Frans Baleni, general secretary of the National Union of Mineworkers,
defended the police in an interview with Kaya FM, a radio station.
“The police were patient, but these people were extremely armed with
dangerous weapons,” he said.
The strike reflected a deep anger at the slow pace of South Africa’s
transformation. When Joyce Lebelo moved to the informal settlement near
a platinum mine in 1998, she built only a tiny shack, thinking the new
government would soon provide her with a proper house. She is still waiting.
“When we voted, we didn’t think we would spend 10 years living in a
shack,” she said, sitting beneath the tin roof of her tin-walled house,
which she has expanded over the years to include a kitchen, bedrooms, a
dining room and wall-to-wall carpeting.
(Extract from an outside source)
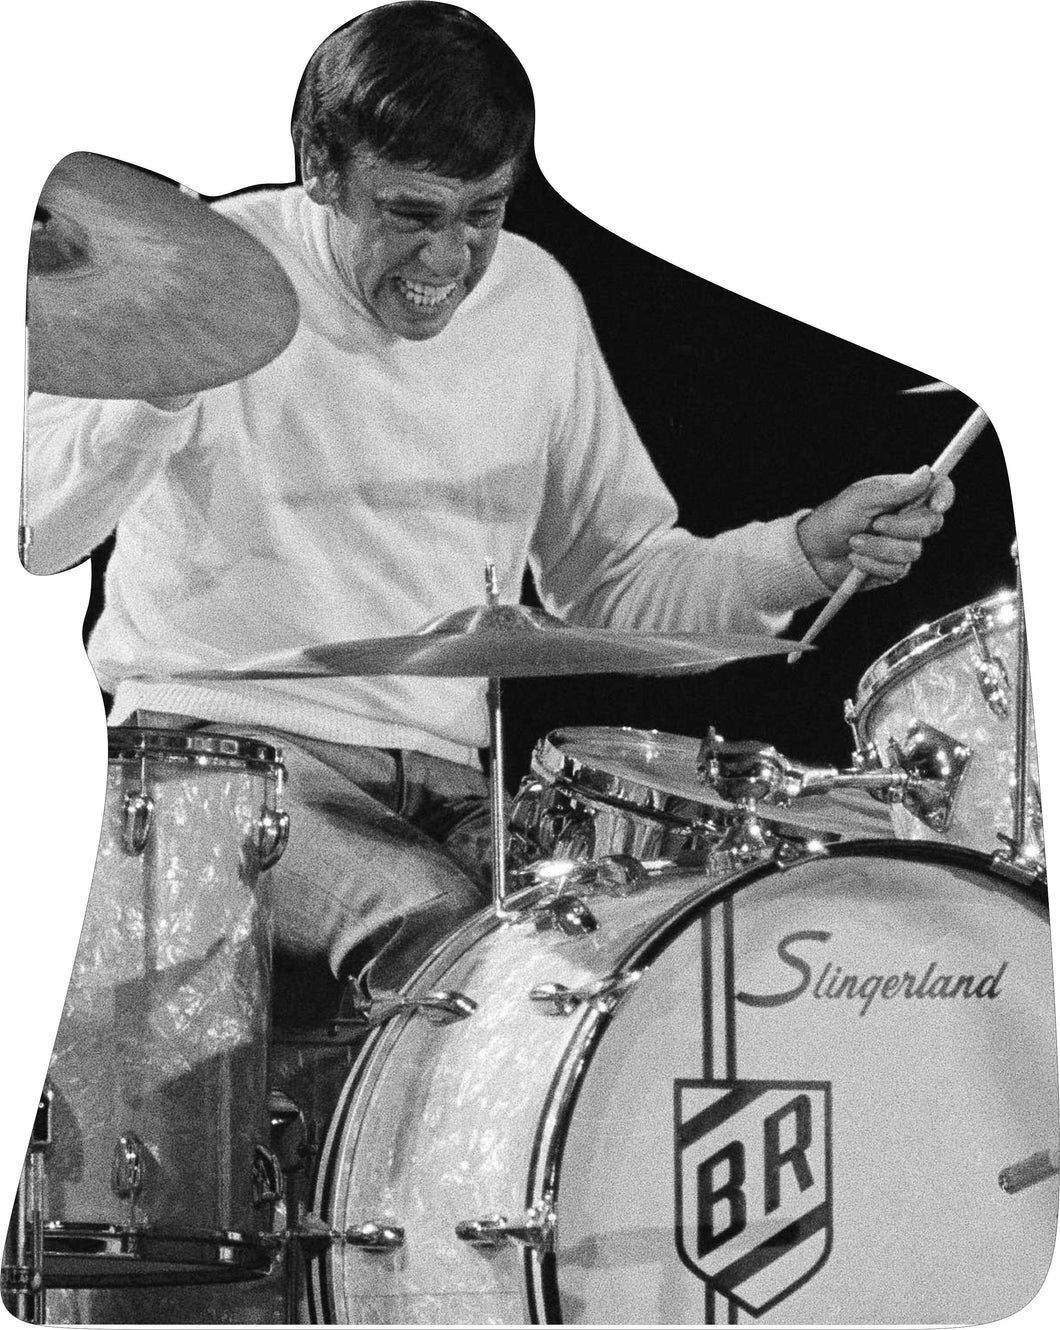 BUDDY RICH AT THE DRUMS - 51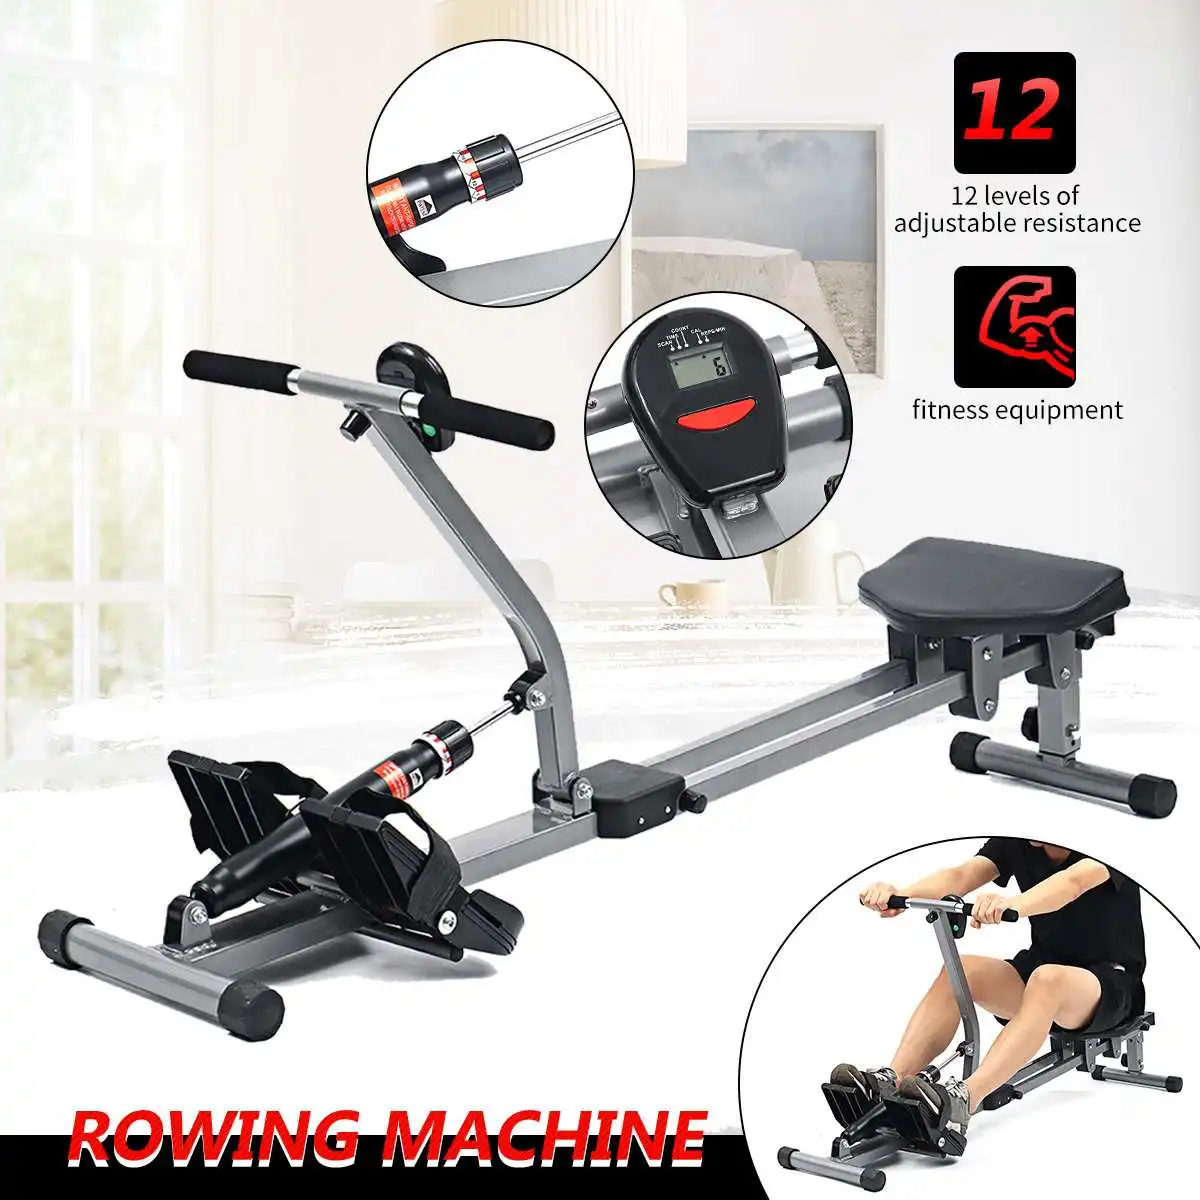 Rowing Machines 12 Level Rower Resistance Cardio Exercise Fitness Home Gym Sport

But bricks and mortar, not to
mention running water and electricity, are still a distant dream.
“The promises they made, they have not delivered,” Ms. Lebelo said. “The
people who got power are fat and rich. They have forgotten the people at
And Ms. Lebelo, who has a job cooking school lunches and whose husband
works as a driver at a platinum mine, is one of the lucky ones: at least
her family has two incomes.
Unemployment is a major problem in mining areas, said John Capel of the
Bench Marks Foundation, a research and advocacy organization that
studies mining communities.
“There is a kind of desperation, a lack of hope and a resentment for the
mining industry and the government,” Mr. Capel said. “We have been
warning for years of these potential uprisings. People are angry.”
A senior member of the rival union, A.M.C.U., says that workers are
angry and feel betrayed by the party that liberated South Africa.
“We made the A.N.C. what it is today, but they have no time for us,” the
union leader said, asking that his name be withheld because he feared
reprisals from the government. “Nothing has changed, only the people on
top, and they just keep getting more money.”